Autophagy is the mechanism underlying NF-kB-mediated inhibition of NLRP3 inflammasome. After inducing the expression of pro-inflammatory cytokines and NLRP3, NF-kB is able to switch the initial pro-inflammatory to an anti-inflammatory state to avoid excessive inflammation. Thus, NF-kB induces the expression of p62, which eliminates NLRP3 by mitophagy [
138]. Therefore, the “NF-kB-p62/SQSTM1-mitophagy” pathway provides an essential regulatory loop through which NF-kB orchestrates a reparative inflammatory response and prevents excessive collateral damage [
100].
Dysregulation of the NLRP3-inflammasome is frequently associated with diverse inflammatory, metabolic, and malignant diseases, including gouty arthritis, Alzheimer’s disease, obesity, type II diabetes, and colorectal cancer [
148]. Other NMDs with increased inflammation are ALS (with aberrant activation of NF-kB) [
17], muscular dystrophies (like BMD and DMD), and inflammatory myopathies. Therefore, proper control of NLRP3-inflammasome activity and overall inflammatory cascade are
critical for preventing disease development.

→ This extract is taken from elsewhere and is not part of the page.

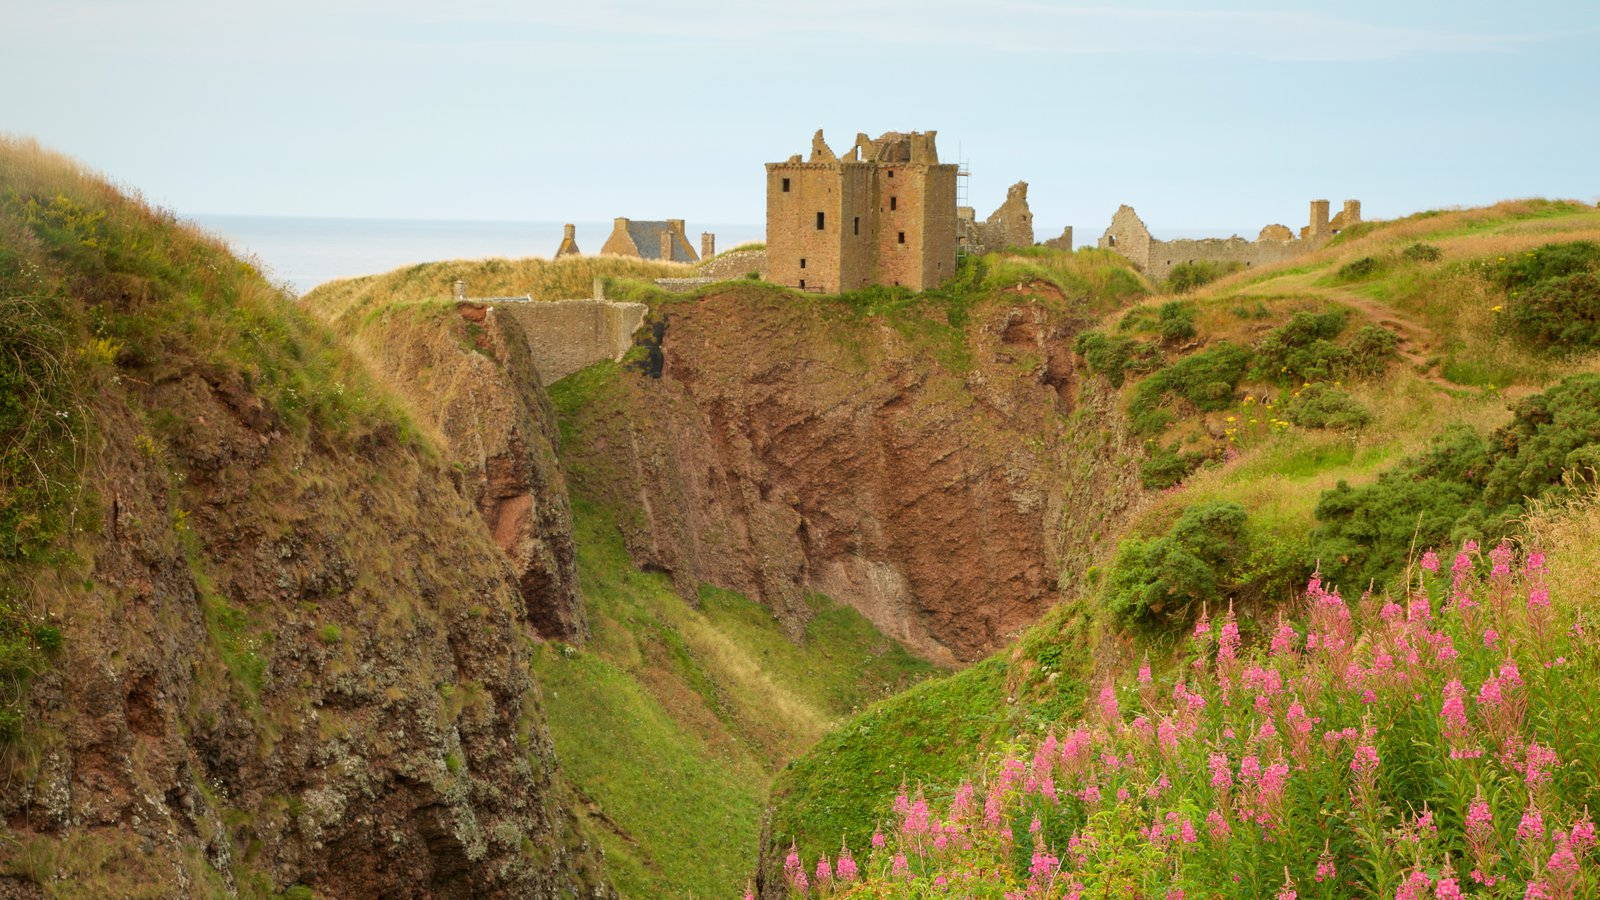 Dunnottar Castle ofreciendo tierras de cultivo y un barranco o cañón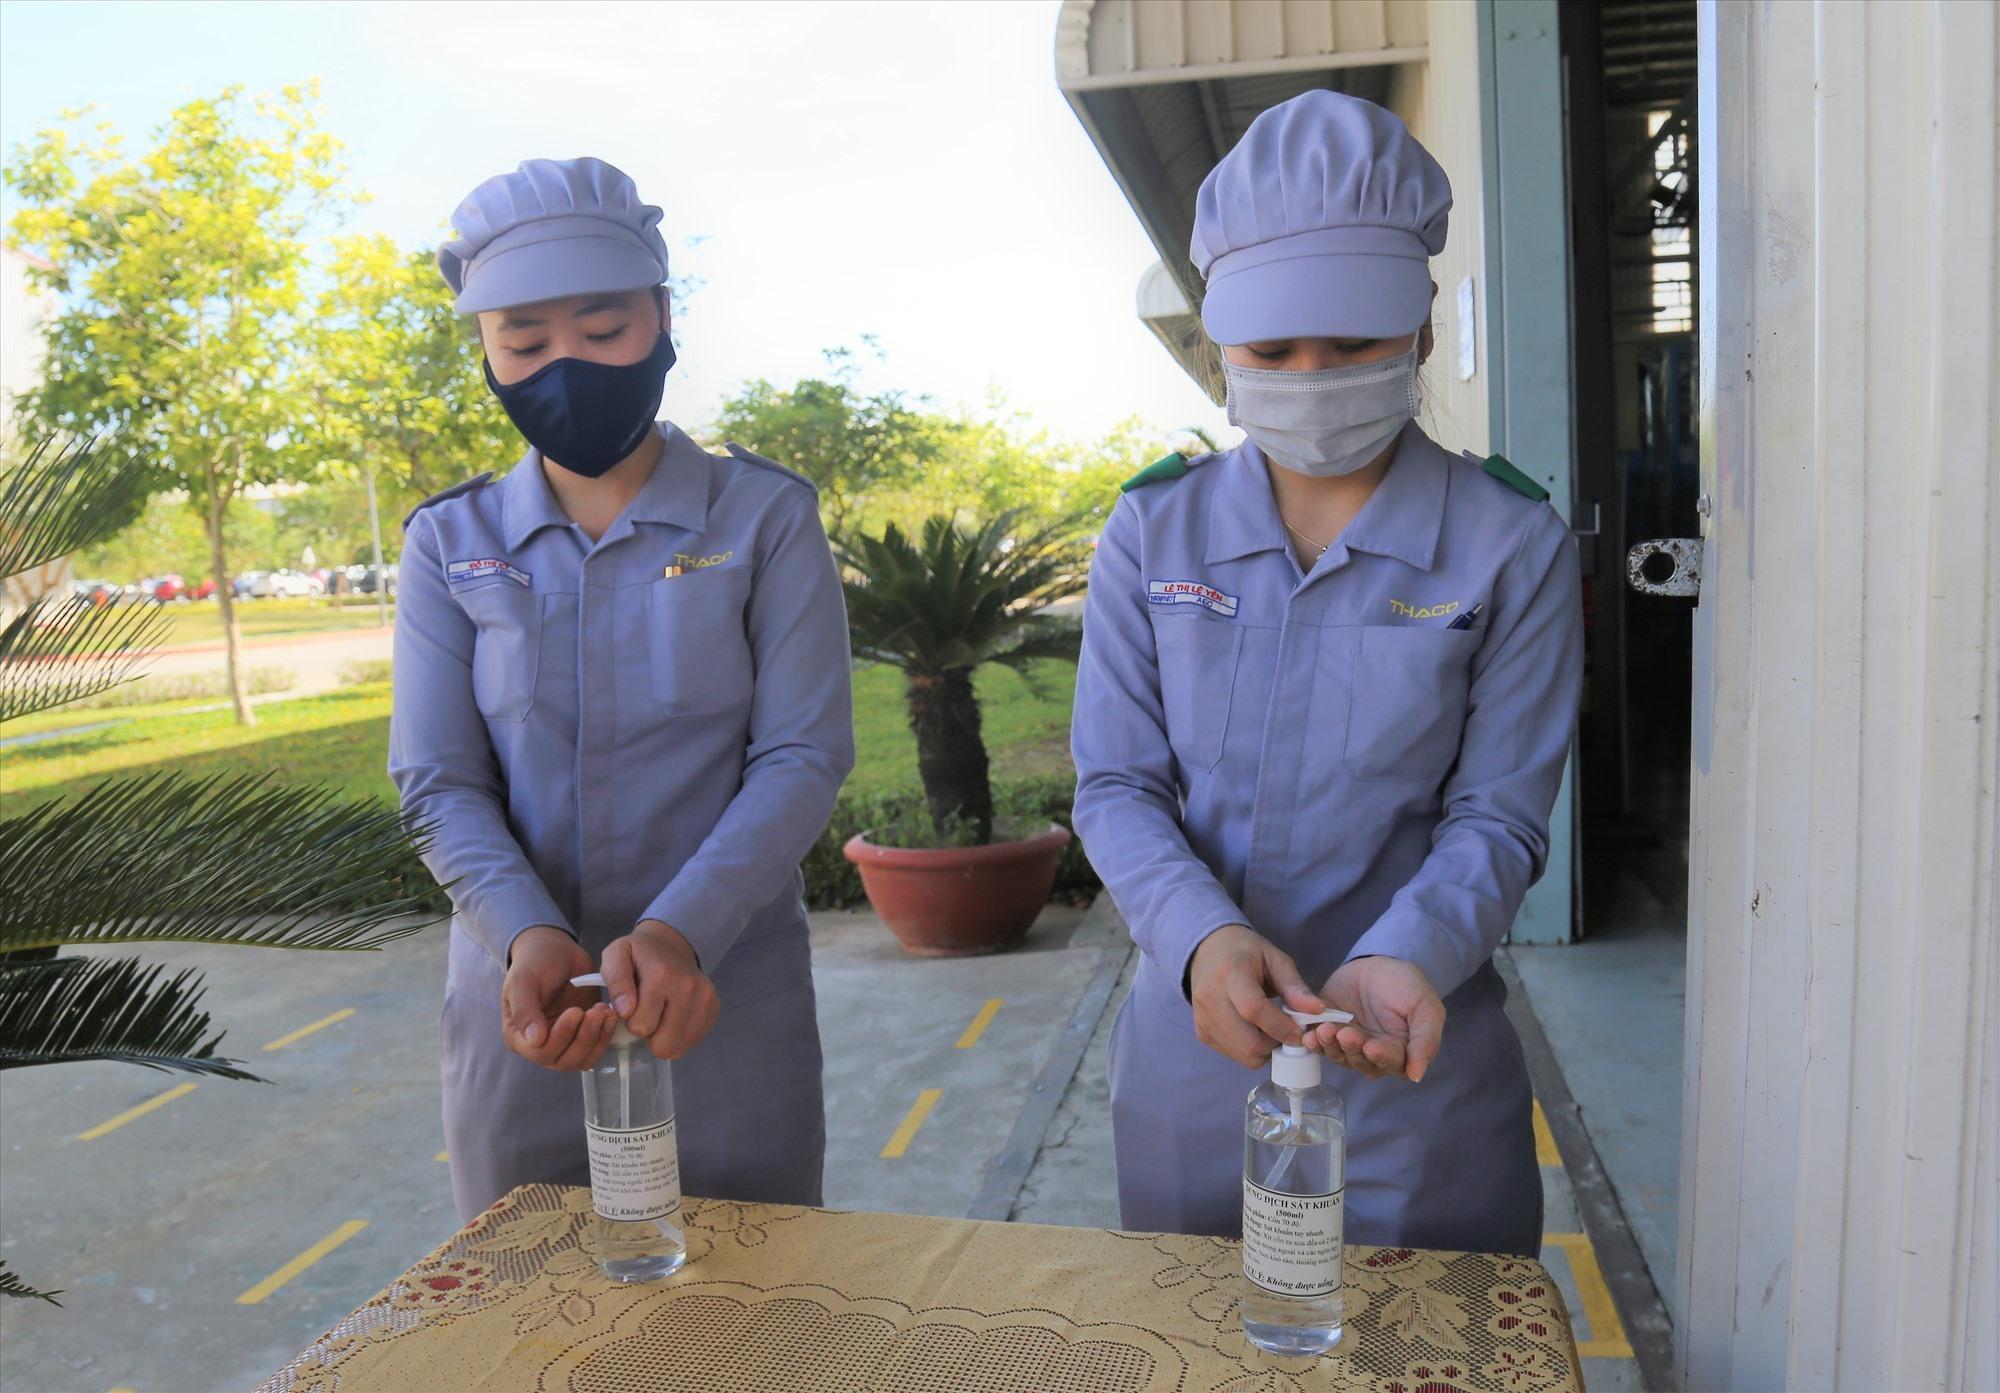 Công nhân Công ty THACO Trường Hải thực hiện sát khuẩn tay trước khi làm việc. Ảnh: TCCC

The aging process itself is linked to elevated low-grade inflammation or para-inflammation, characterized by constitutive production of low amounts of IL-1b, TNF, and IL-6. The NLRP3-inflammasome activation and insucient mitophagy link accumulation of damaged mitochondria to the para-inflammatory state. Normal, healthy aging may be compromised and greatly enhanced by accumulation of somatically mutated mitochondria, which are more likely to release mitochondrial ROS and fragmented mtDNA that act as direct NLRP3-inflammasome activators [
100]. This explains why most of NMDs arise hand by hand to aging processes.